Start with this piece from the Scotsman Newspaper HERE, where for example ,Edinburgh city’s vice-convener of housing, Cammy Day, said the unique crackdown is necessary to prevent the council’s oversubscribed DHP allocation from running out, he added he was “not comfortable” with the tough policy.

Cllr Day, whose Forth ward is one of the poorest in the city, said: “As a result of a policy imposed by the Conservative Party we are having to do this, otherwise our entire DHP allocation would have been spent in the first three months of the financial year.

“It is a horrible position to be in, having to make a judgement on people’s lifestyle choices.”

However, city Tory group leader Cameron Rose backed the stance. He said: “I think people would expect that those seeking taxpayer money are asked to rein in their spending on luxuries.

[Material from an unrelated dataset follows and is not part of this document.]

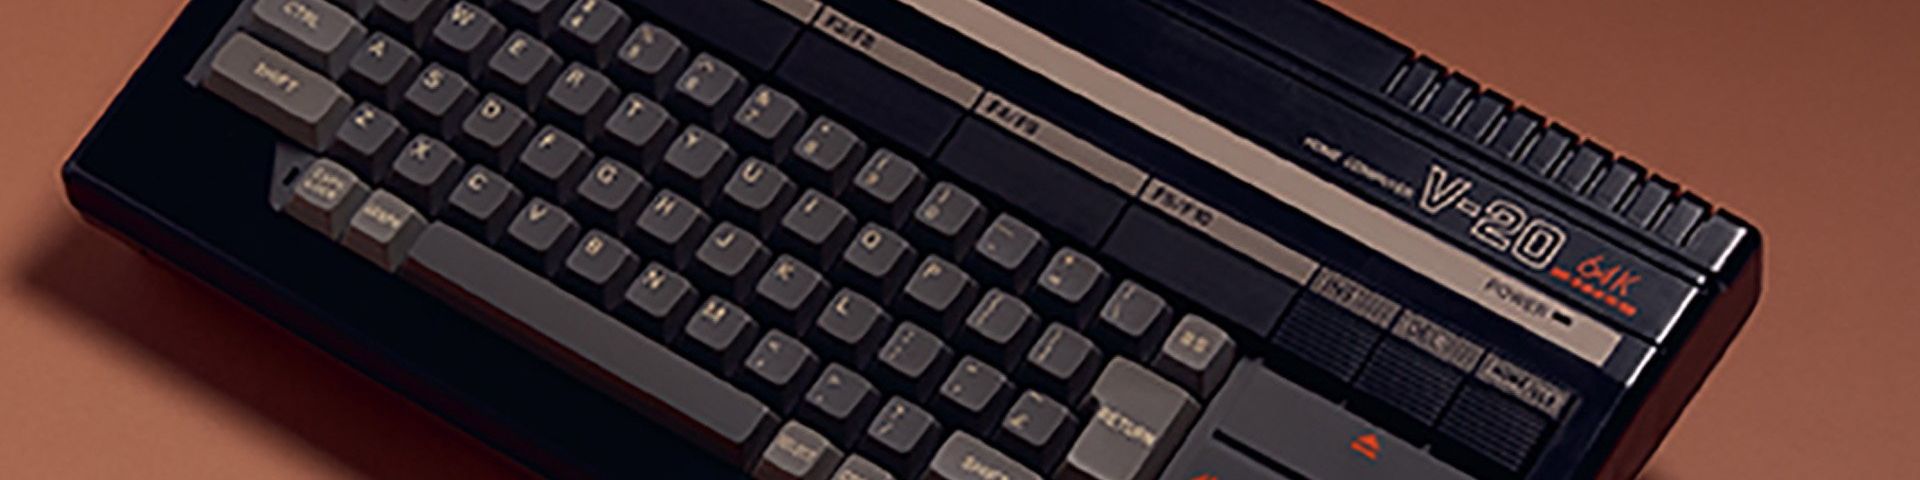 A close up of the Canon V-20 home computer, showing the text HOME COMPUTER V-20 65K, the power indicator and F keys. Image courtesy of Thames and Hudson

People make decisions on how they can afford to spend their money within households every day and I don’t think it’s a bad discipline to encourage.”

I personally think its rich coming from a Tory Councillor telling us to “rein in spending” when the Tories have spent more since 2010 than every government added together since 1900! Remember, this money is printed by the Bank of England (a central bank that is privately owned), so it’s a debt paid for by your taxes. Read more HERE See also some interesting facts on the CIA’s web site (yes, that CIA) World Rankings on cash and Gold Reserves HERE and HERE. Although remember, we don’t own an ounce of the gold or hold any cash reserves ourselves as, the gold etc., belongs to private Bankers, although we’re paying for it many times over through the Bedroom Tax, COUNCIL TAX, VAT, DUTY, CAR TAX, PAYE, NIC, DEATH DUTIES and every other form of taxation you can name. If we were taxed at 100% of our wages this would barely meet the interest! The USA is last on the list and we are very near the bottom too. Look at the countries with positive balances, many of them are a fraction of the size of Scotland never mind the UK. Making a great case for separation from the union and Scottish Independence. Let’s get back to printing our own LAWFUL MONEY.

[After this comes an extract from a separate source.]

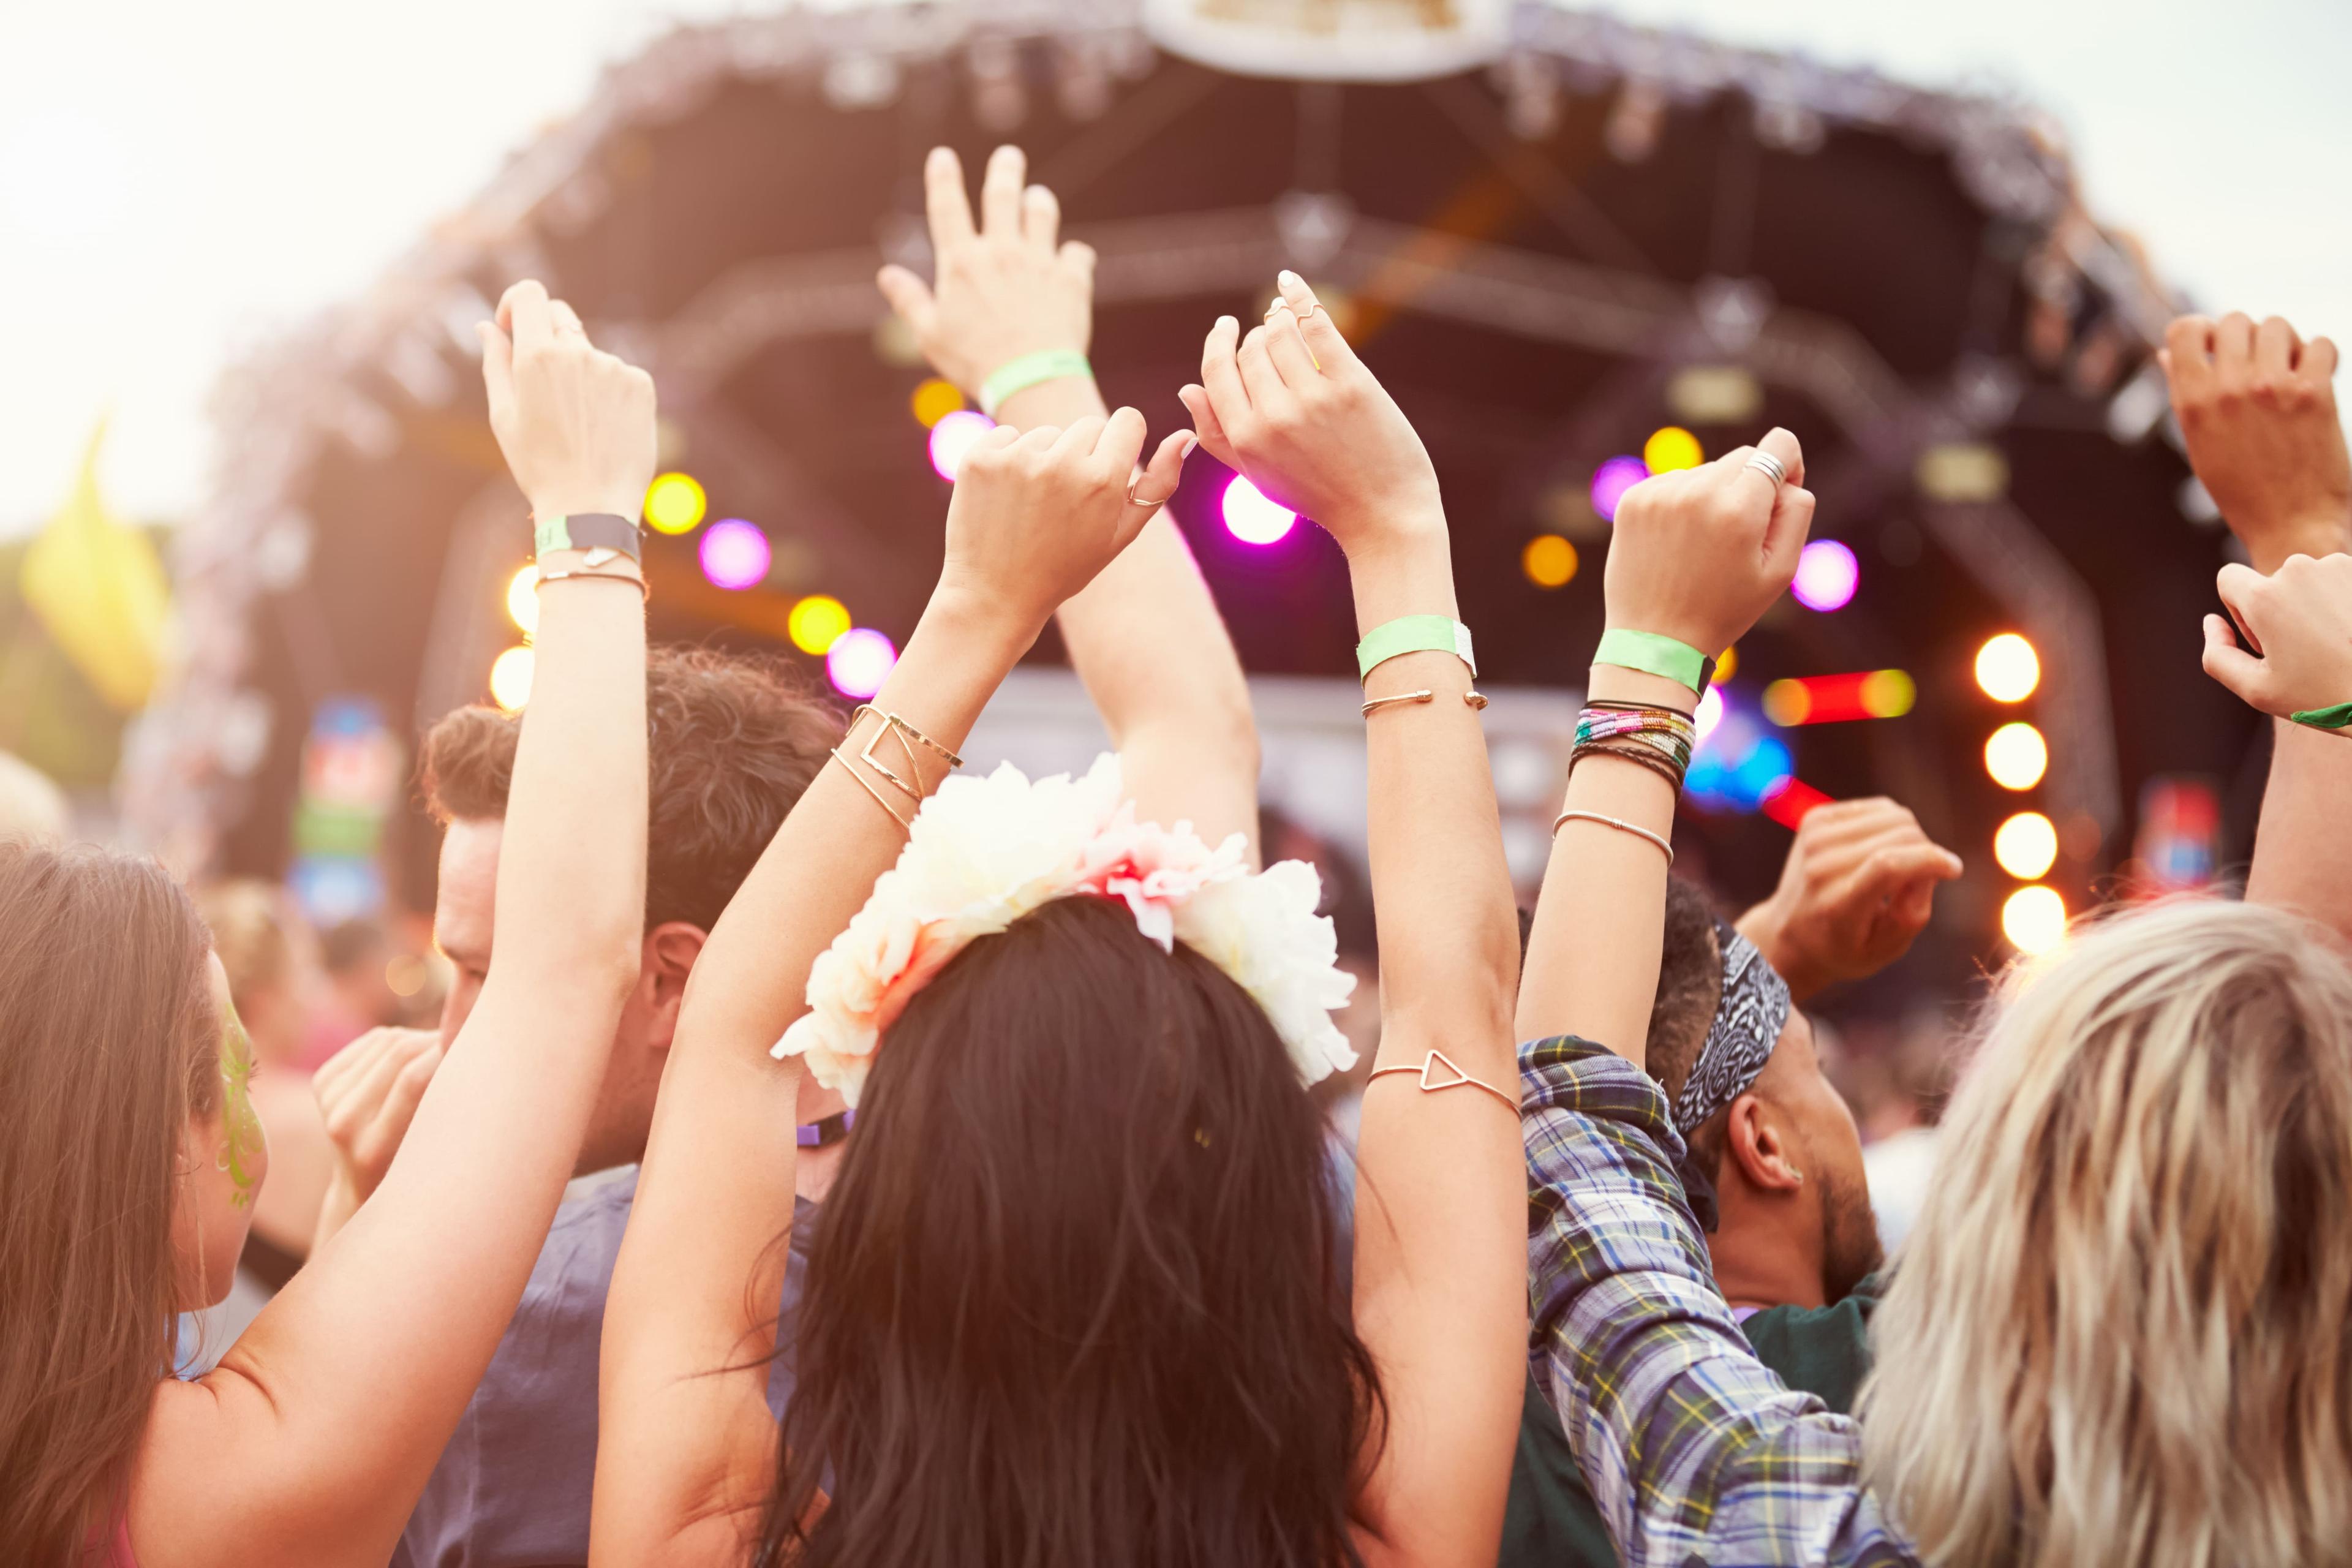 WILL GETTING VACCINATED BE YOUR TICKET INTO MUSIC FESTIVALS OF TOMORROW?

If you don’t want the Bedroom Tax (or indeed any other tax), then read and learn about money. See previous articles on this subject HERE and HERE to learn more. Watch Godfrey Bloom MEP, tell the European Parliament about the Banking Scam, that many commentators such as myself have been banging on about for years.

If you’ve arrived here looking for more help with Bedroom Tax issues, use the links below to see what help may be available to you.

Shelter (England)

Shelter (Scotland)

A legal challenge to the Bedroom Tax is being plotted by Capability Scotland. Read more HERE

However, the most important point to remember in all this, is that for the first time in history, the people are being fleeced by the government to bail out Banks and re-capitalise them, all off the backs of all of us and especially the poor, who’re paying the greatest amount as a percentage of income.

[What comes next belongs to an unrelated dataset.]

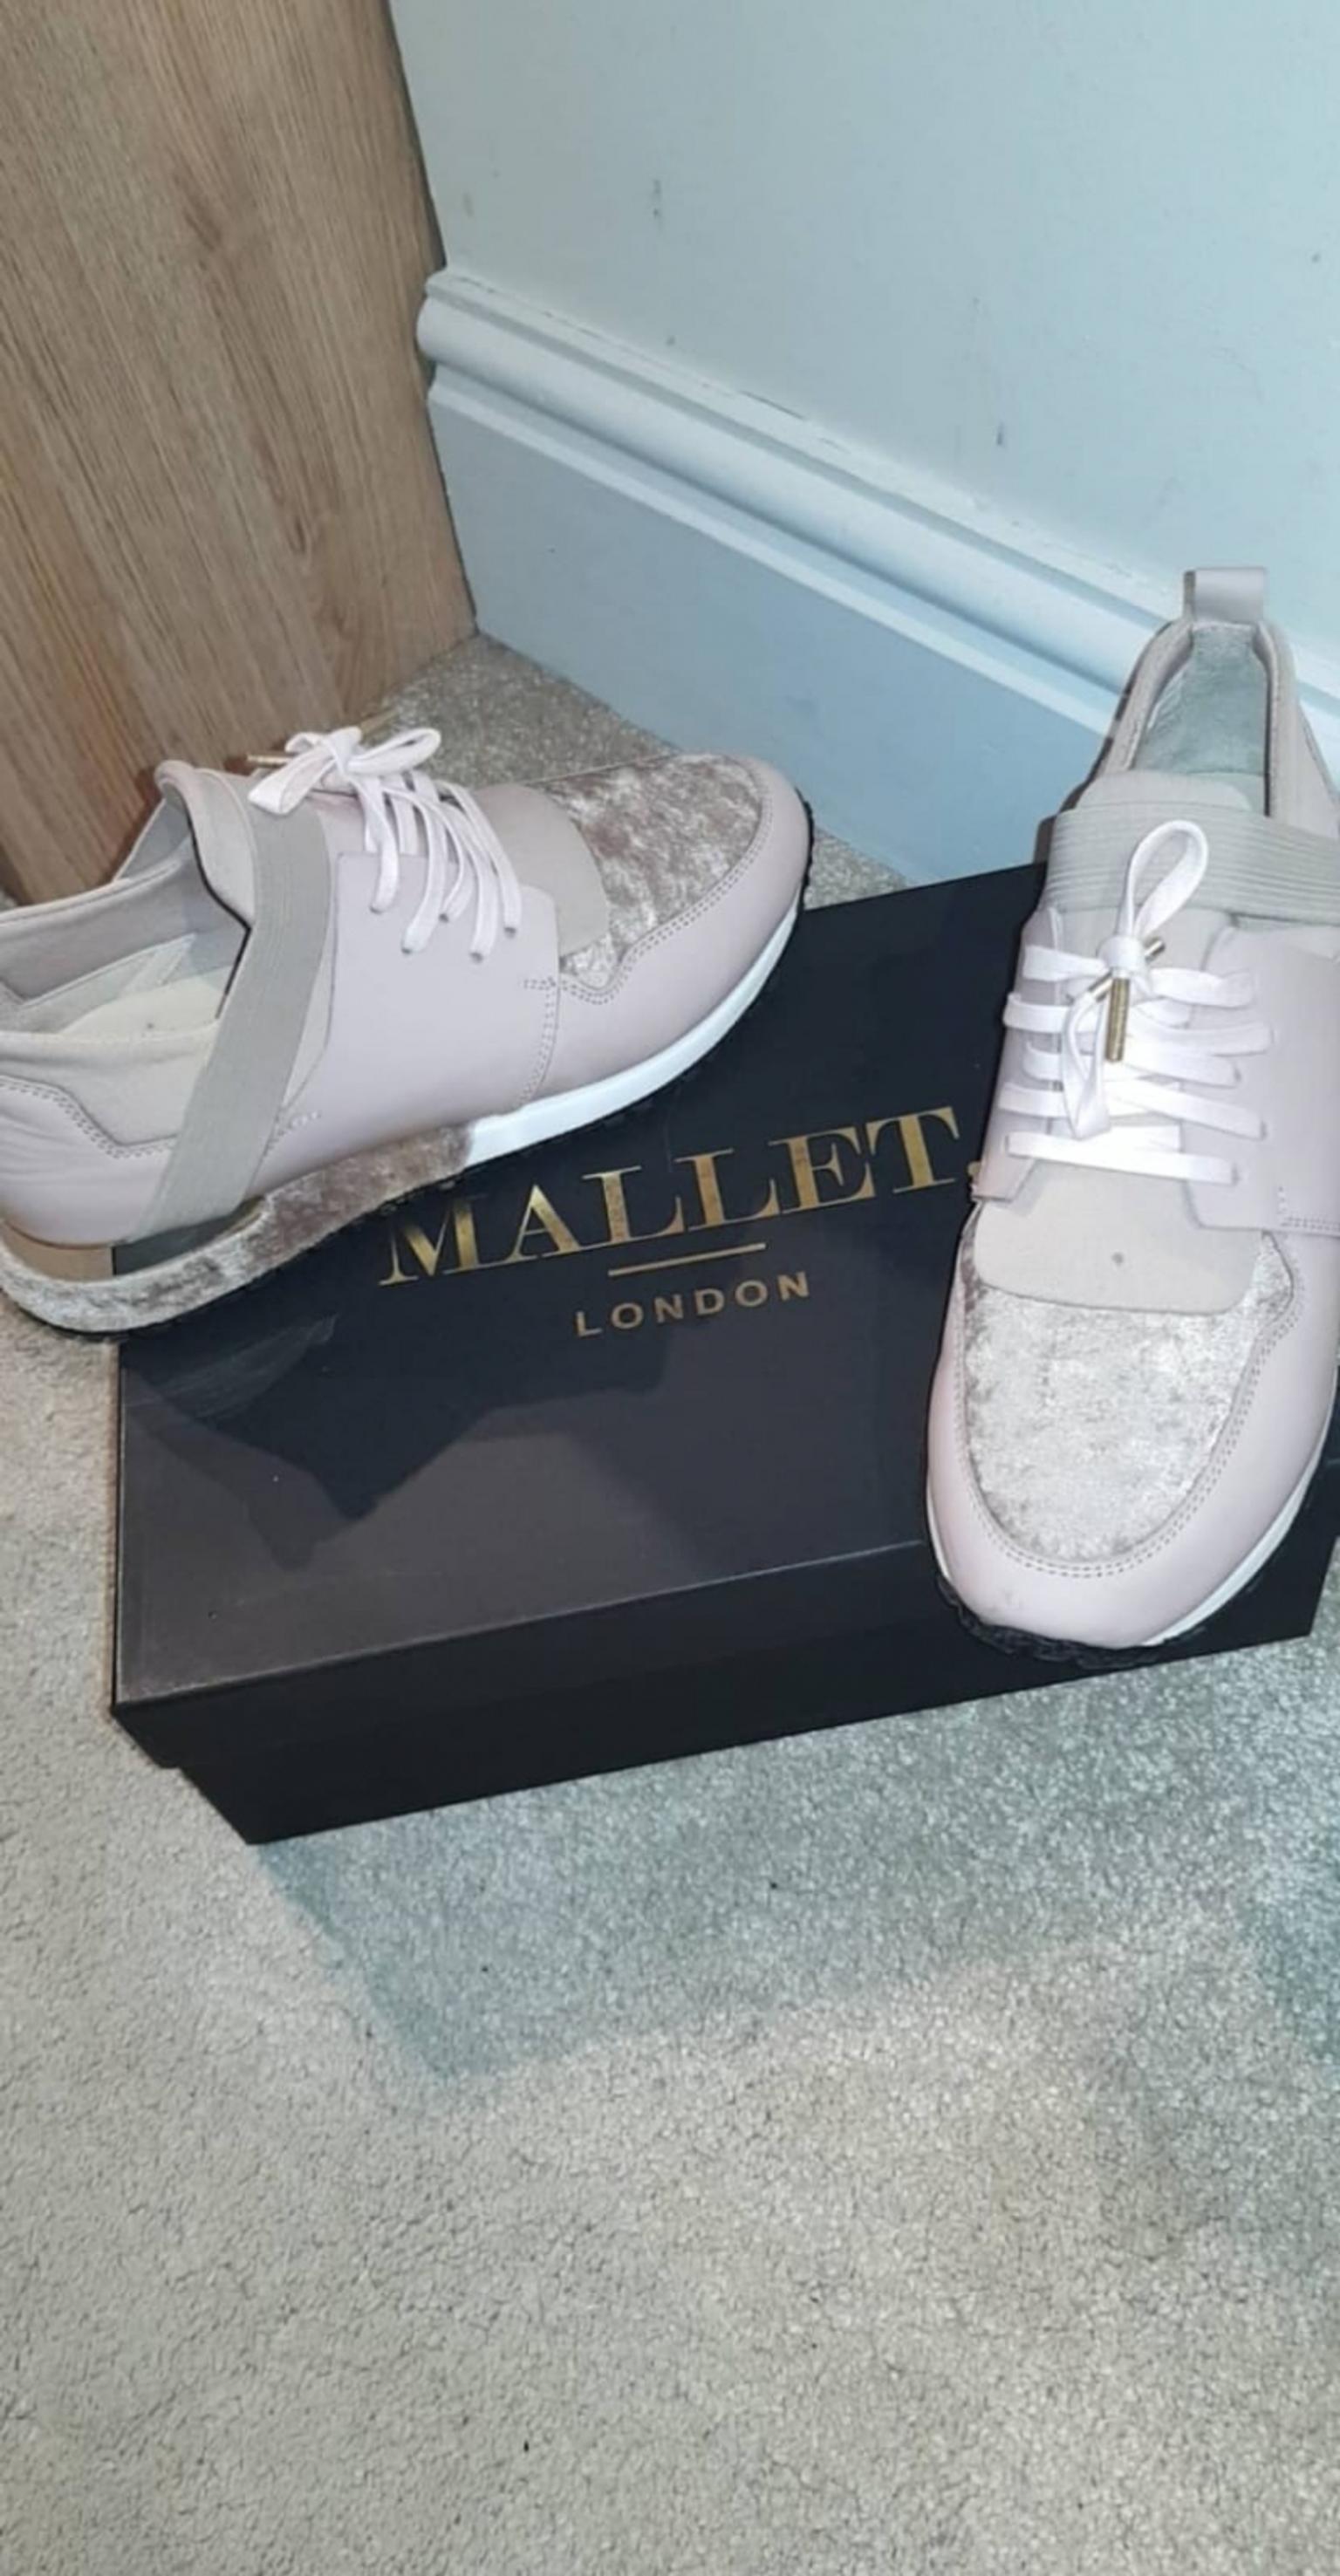 Ladies Mallet trainers in BL1 Bolton

Wise up, where is the revolution? Apathy is our greatest threat, not the government. You can only ever get the government you deserve, and if this government is what you want then do nothing. But in the words of perhaps the greatest politician who ever lived, Abraham Lincoln (former President of the United States), and a man who truly had a grasp on what was happening then, and incredibly is still happening today “This country, with its institutions, belongs to the people who inhabit it. Whenever they shall grow weary of the existing government, they can exercise their constitutional right of amending it, or exercise their revolutionary right to overthrow it”.

We in the UK need to shake off the shackles of our economic slavery and overthrow those who seek to deceive and enslave us. With the rise of Pay Day Loans at exorbitant interest (I’ve seen interest rates of 3,000% and much more!), then the point of total collapse of these ‘slave’ scams must inevitably be near.

You may be interested to know that, if you charged anyone (in business transactions say), anything over a very low rate of interest in a Scottish Court action (around 8%), then you could be facing charges of Usury, yet these Pay Day Loan Sharks get away with it. Where is the law then? We’re all meant to be equal under the law, but this is verging on the truly farcical. Do you really want to borrow ONE POUND and pay back THREE THOUSAND?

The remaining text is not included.